▸ **Task requirements**
Skip all pictures; return exactly the lines from the one containing "Glossy Blue Robot" through the end of the data.

▸ **Collected data**
***
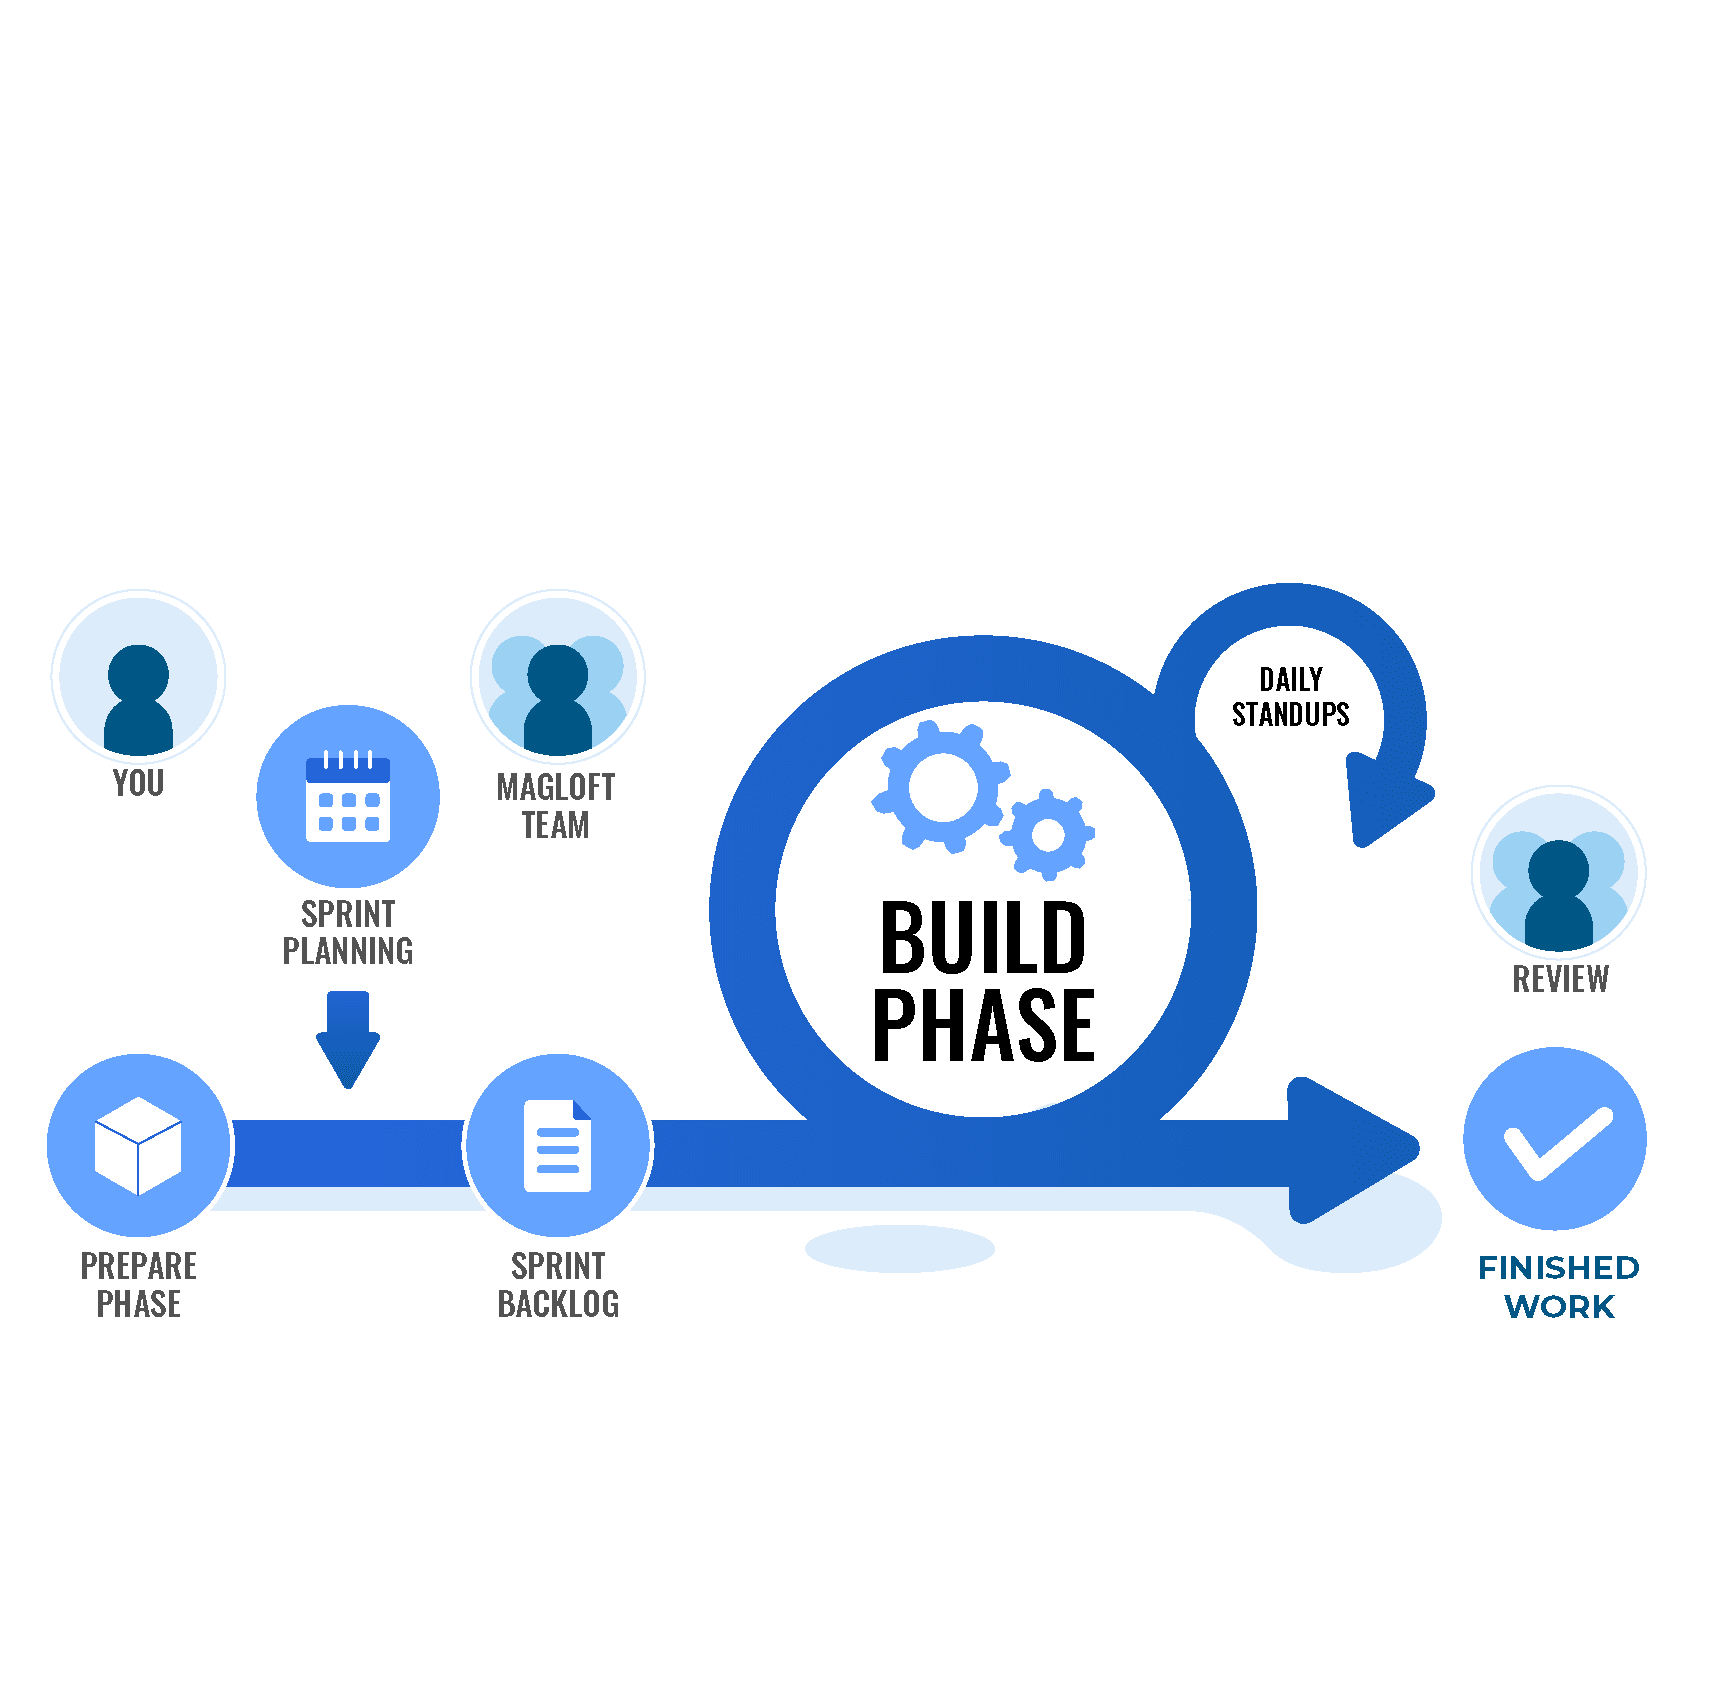 Build Phase
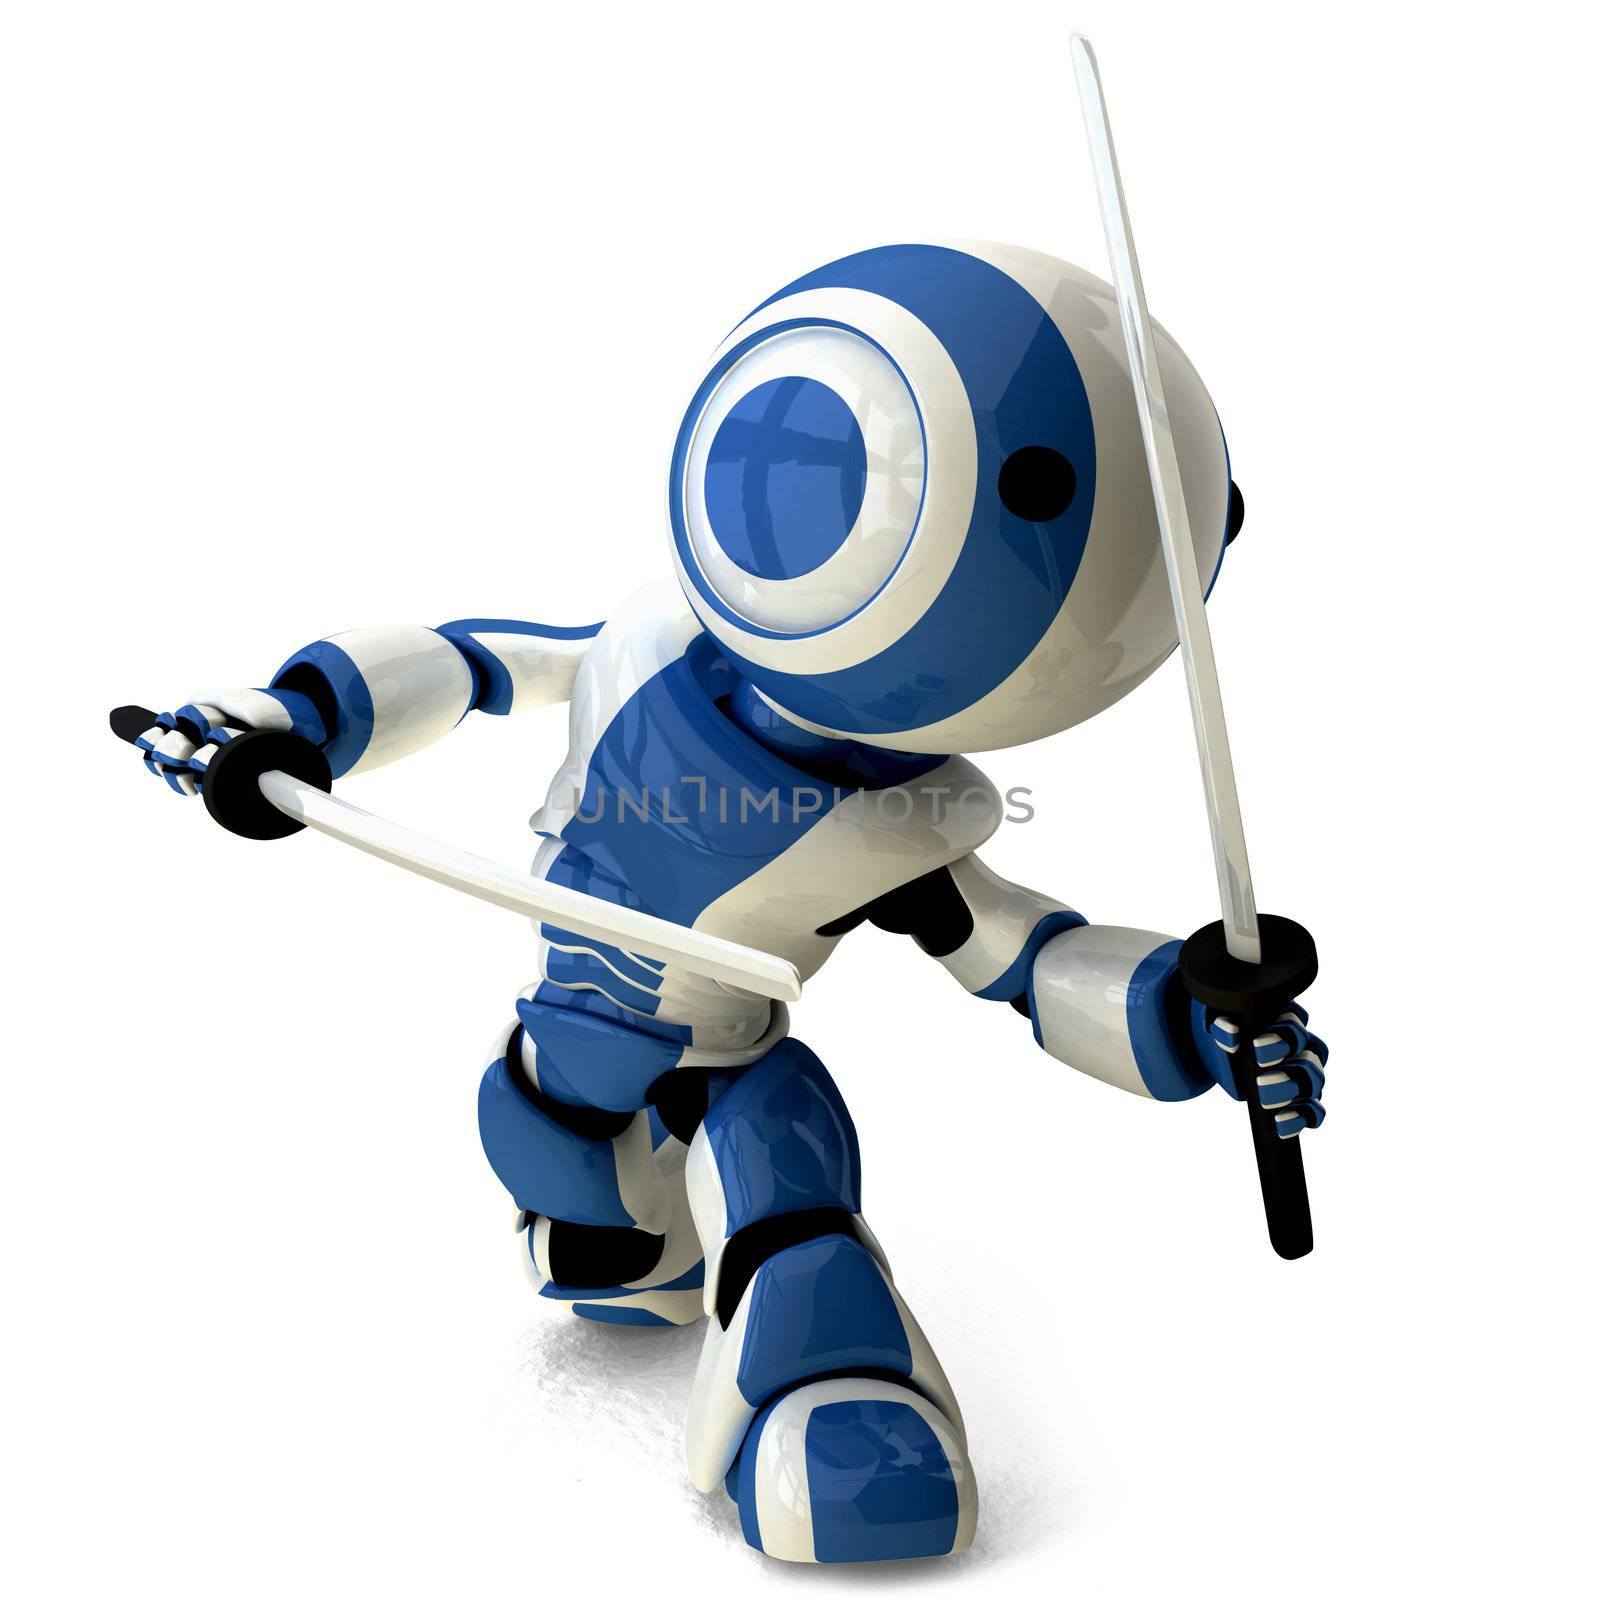 Glossy Blue Robot Ninja Holding Katanas by LeoBlanchette
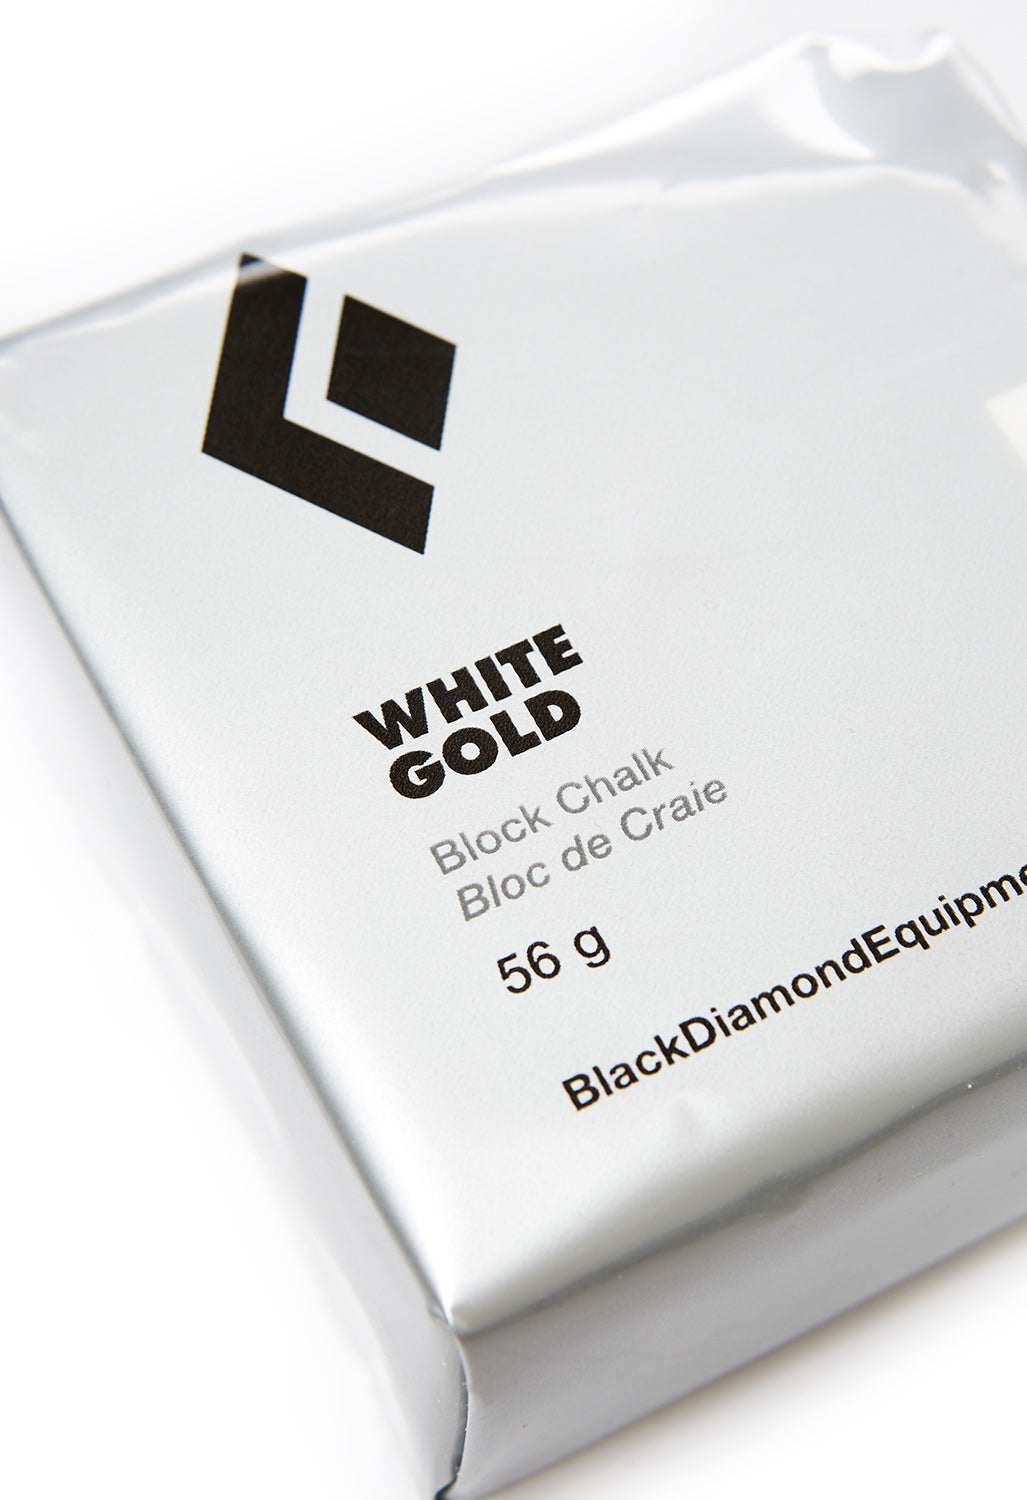 Black Diamond White Gold 56g Chalk Block
***
▸ **Worked solution**
 Glossy Blue Robot Ninja Holding Katanas by LeoBlanchette
 Black Diamond White Gold 56g Chalk Block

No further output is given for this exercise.